Work order =>
Retype the material that follows exactly, limited to the lines from the one with "Hoa hậu Đỗ Mỹ" through the one with "Im Zimmer der", and keep out all pictures.

Data provided =>
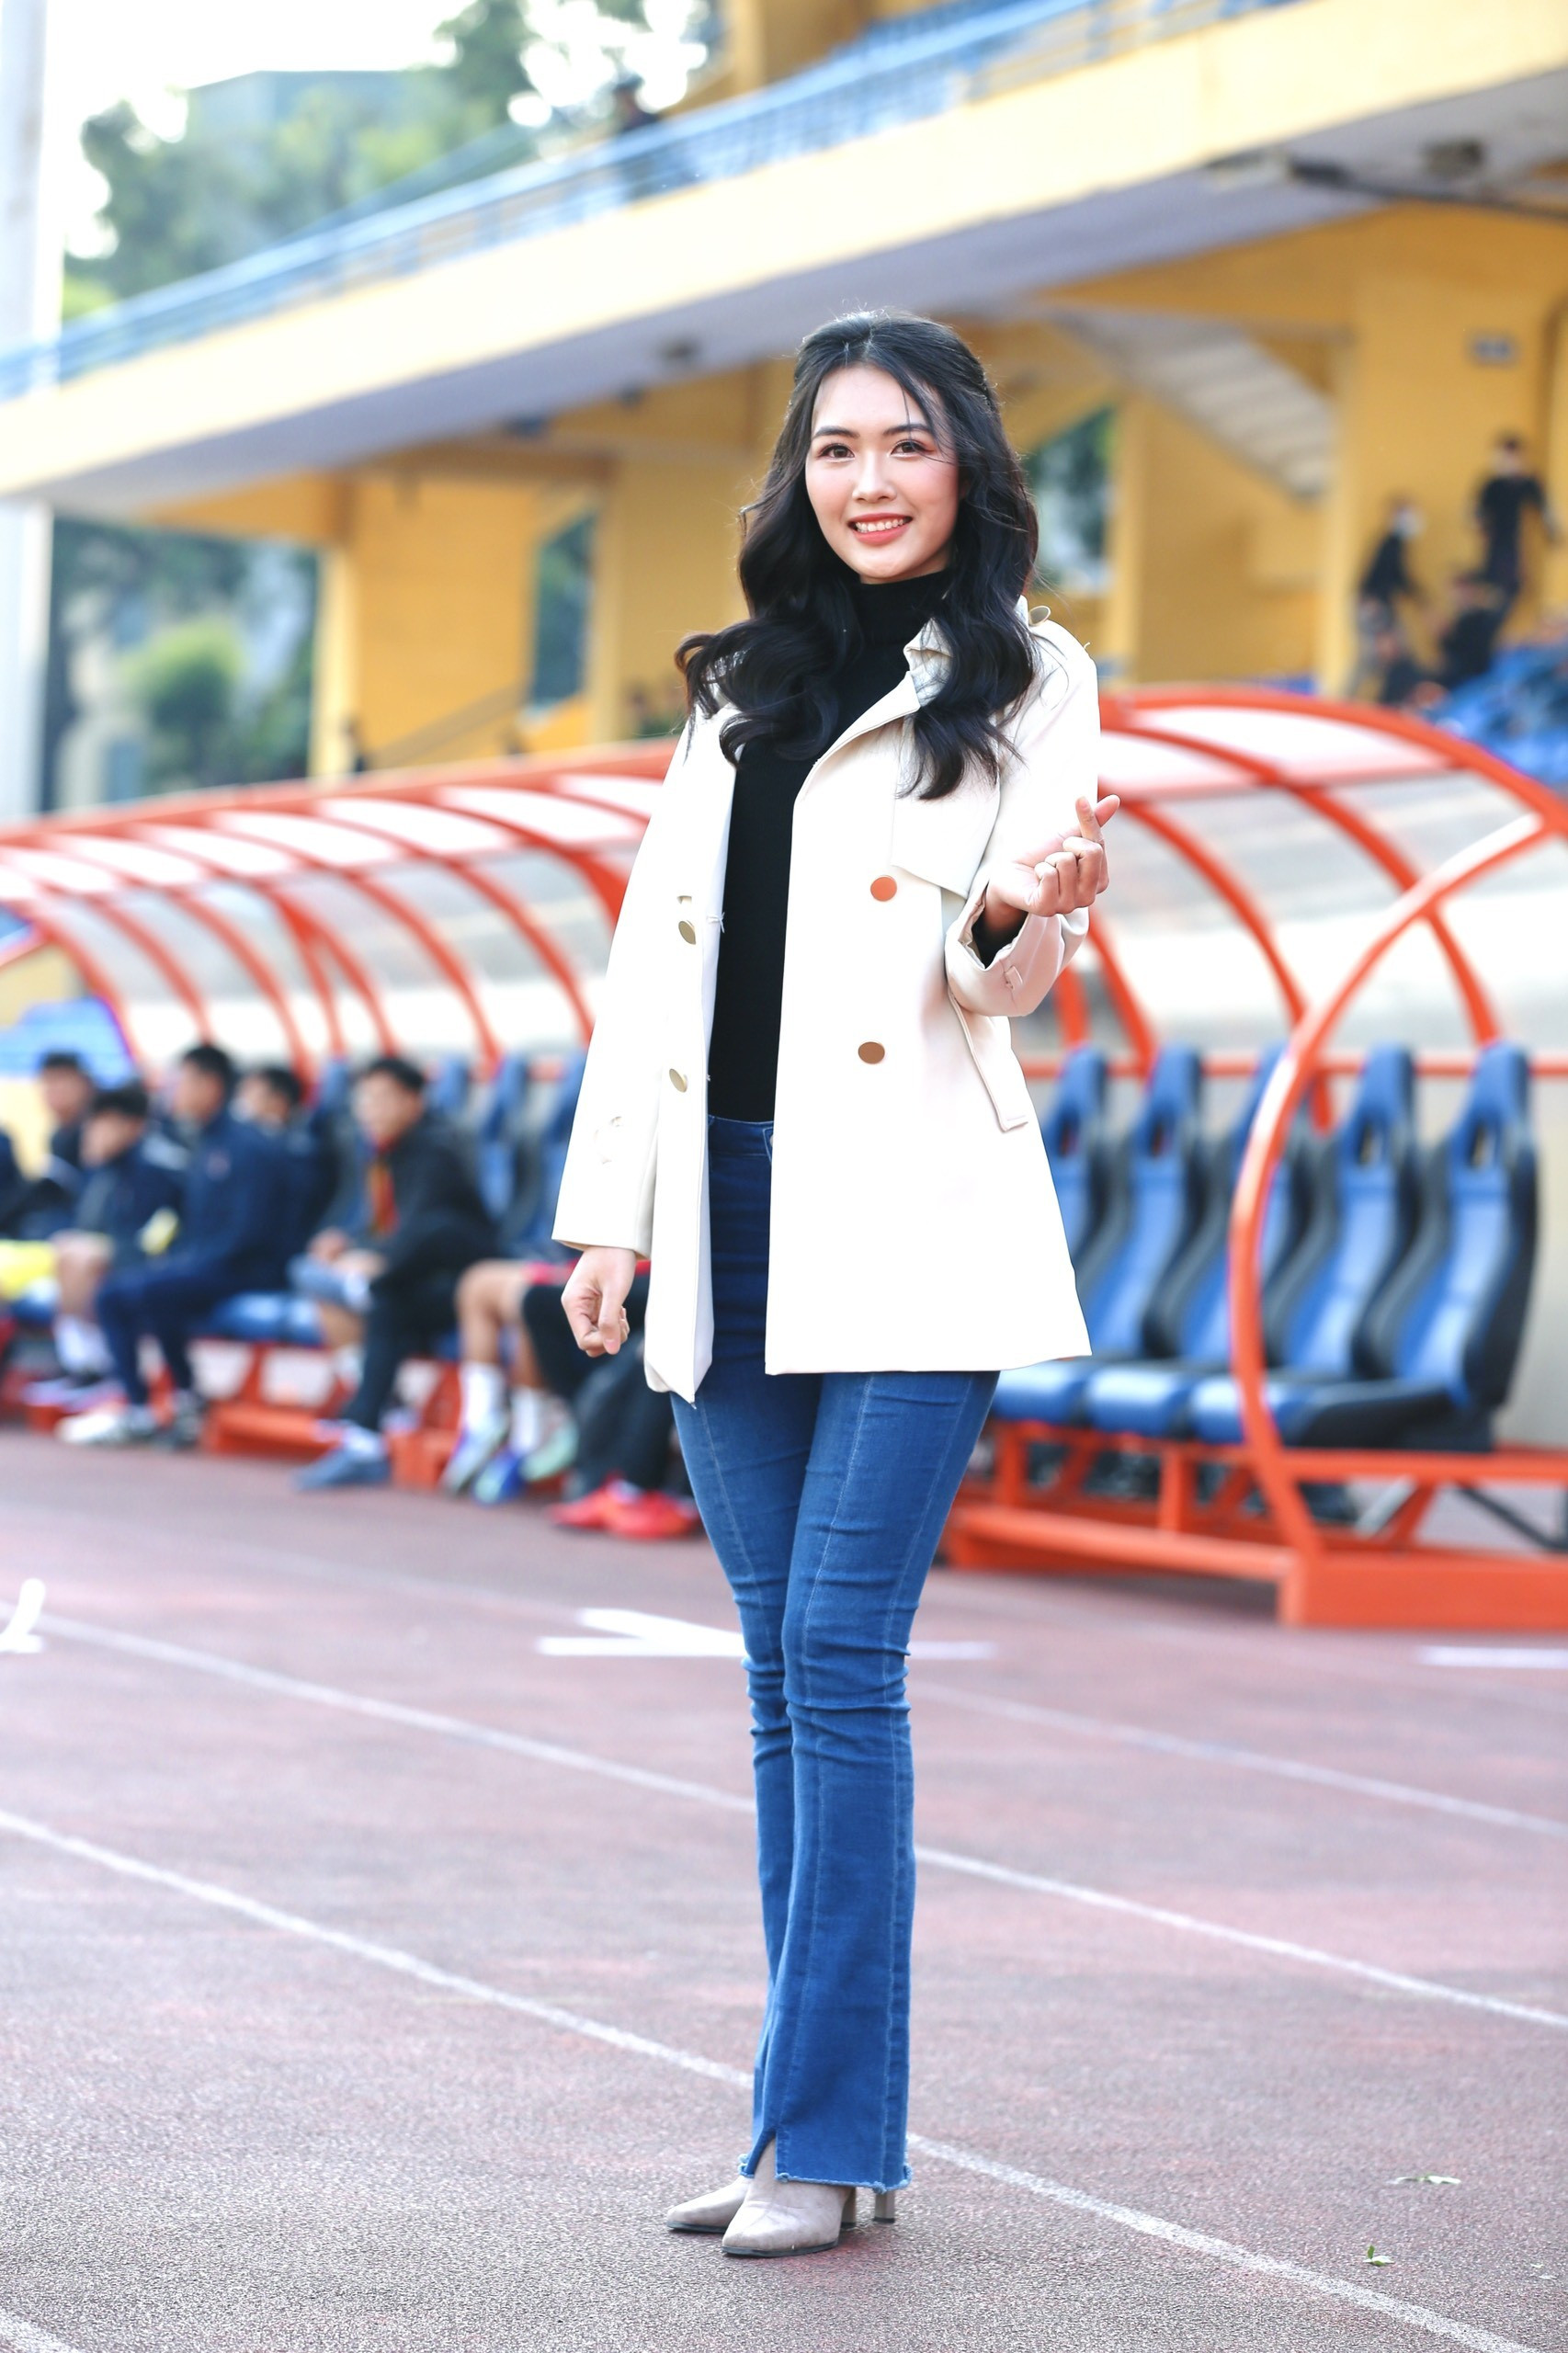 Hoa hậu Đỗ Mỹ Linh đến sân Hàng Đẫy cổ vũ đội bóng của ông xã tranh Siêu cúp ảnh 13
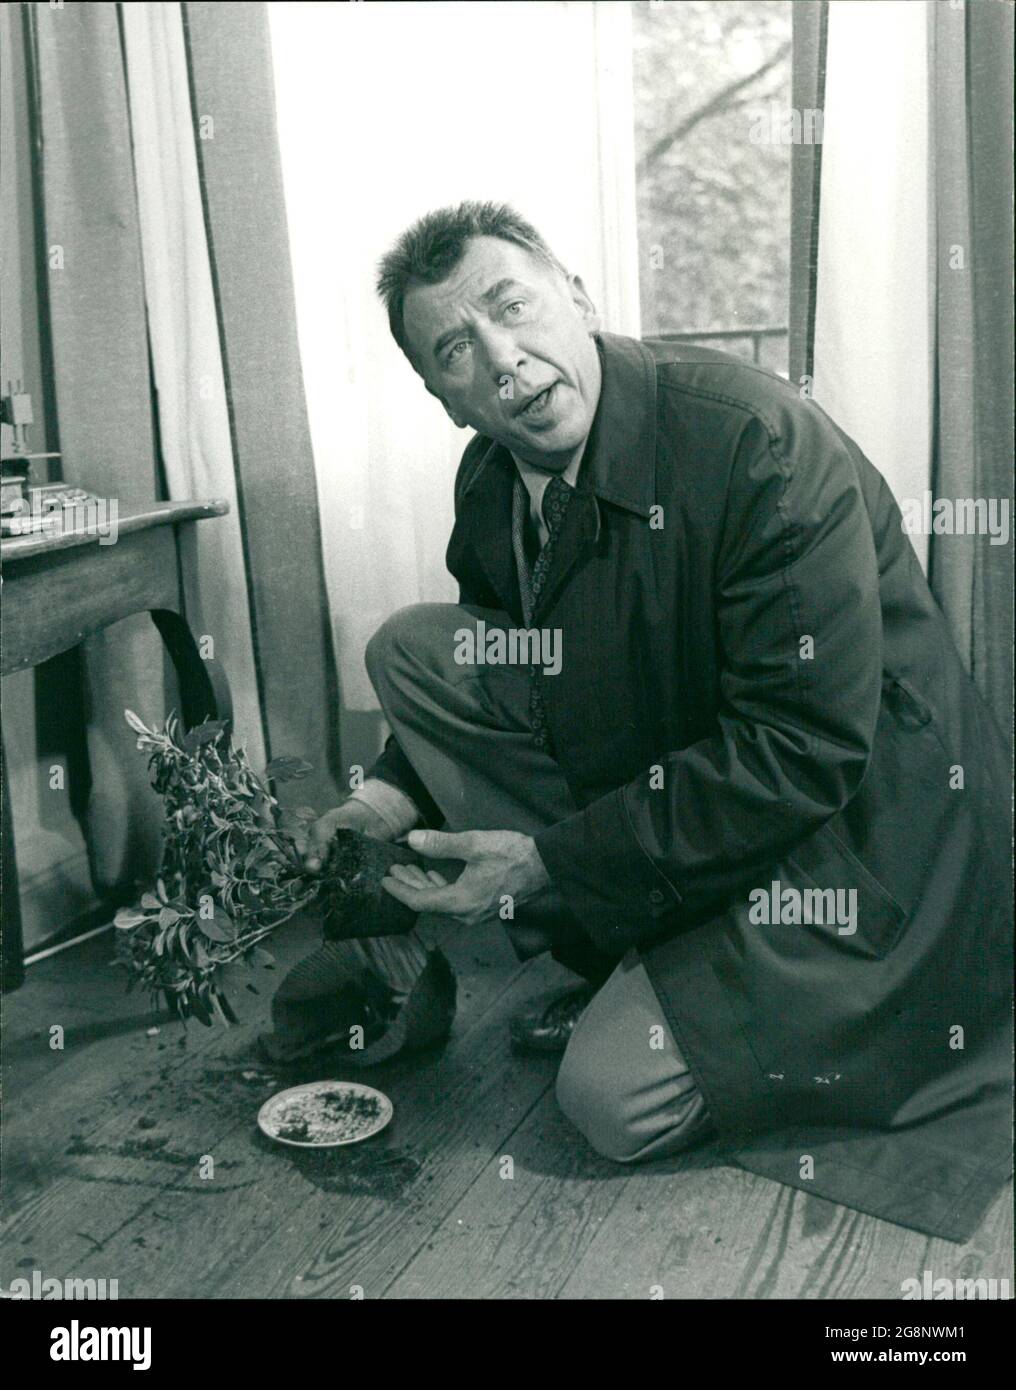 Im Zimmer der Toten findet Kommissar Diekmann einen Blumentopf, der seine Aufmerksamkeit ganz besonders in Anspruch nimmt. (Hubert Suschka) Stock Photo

---

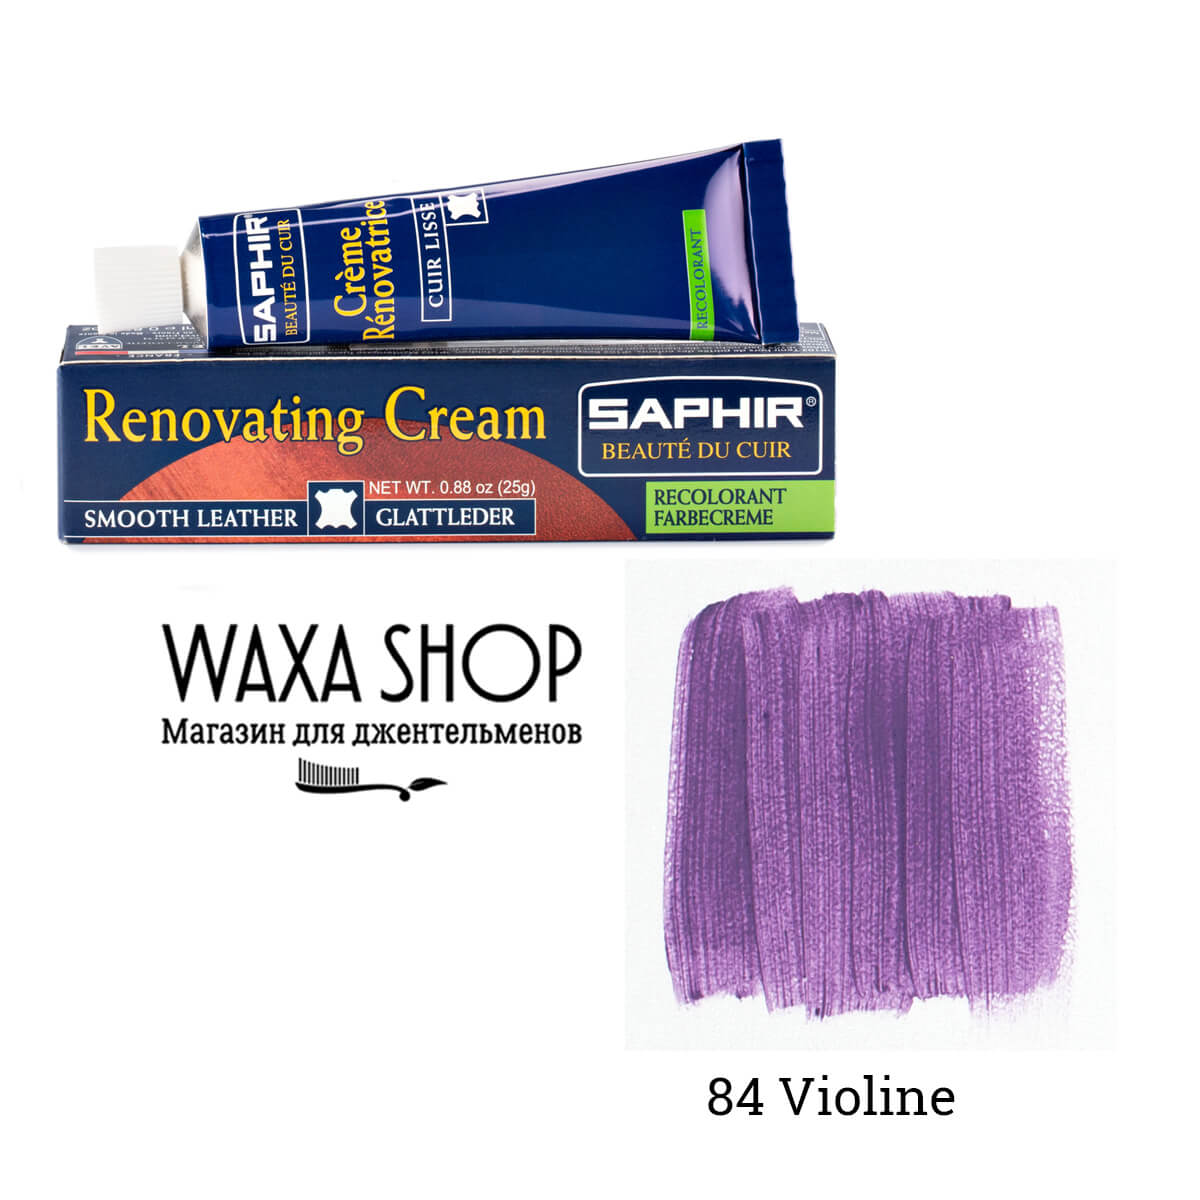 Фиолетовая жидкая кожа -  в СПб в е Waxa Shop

Solution to the exercise =>
 Hoa hậu Đỗ Mỹ Linh đến sân Hàng Đẫy cổ vũ đội bóng của ông xã tranh Siêu cúp ảnh 13
 Im Zimmer der Toten findet Kommissar Diekmann einen Blumentopf, der seine Aufmerksamkeit ganz besonders in Anspruch nimmt. (Hubert Suschka) Stock Photo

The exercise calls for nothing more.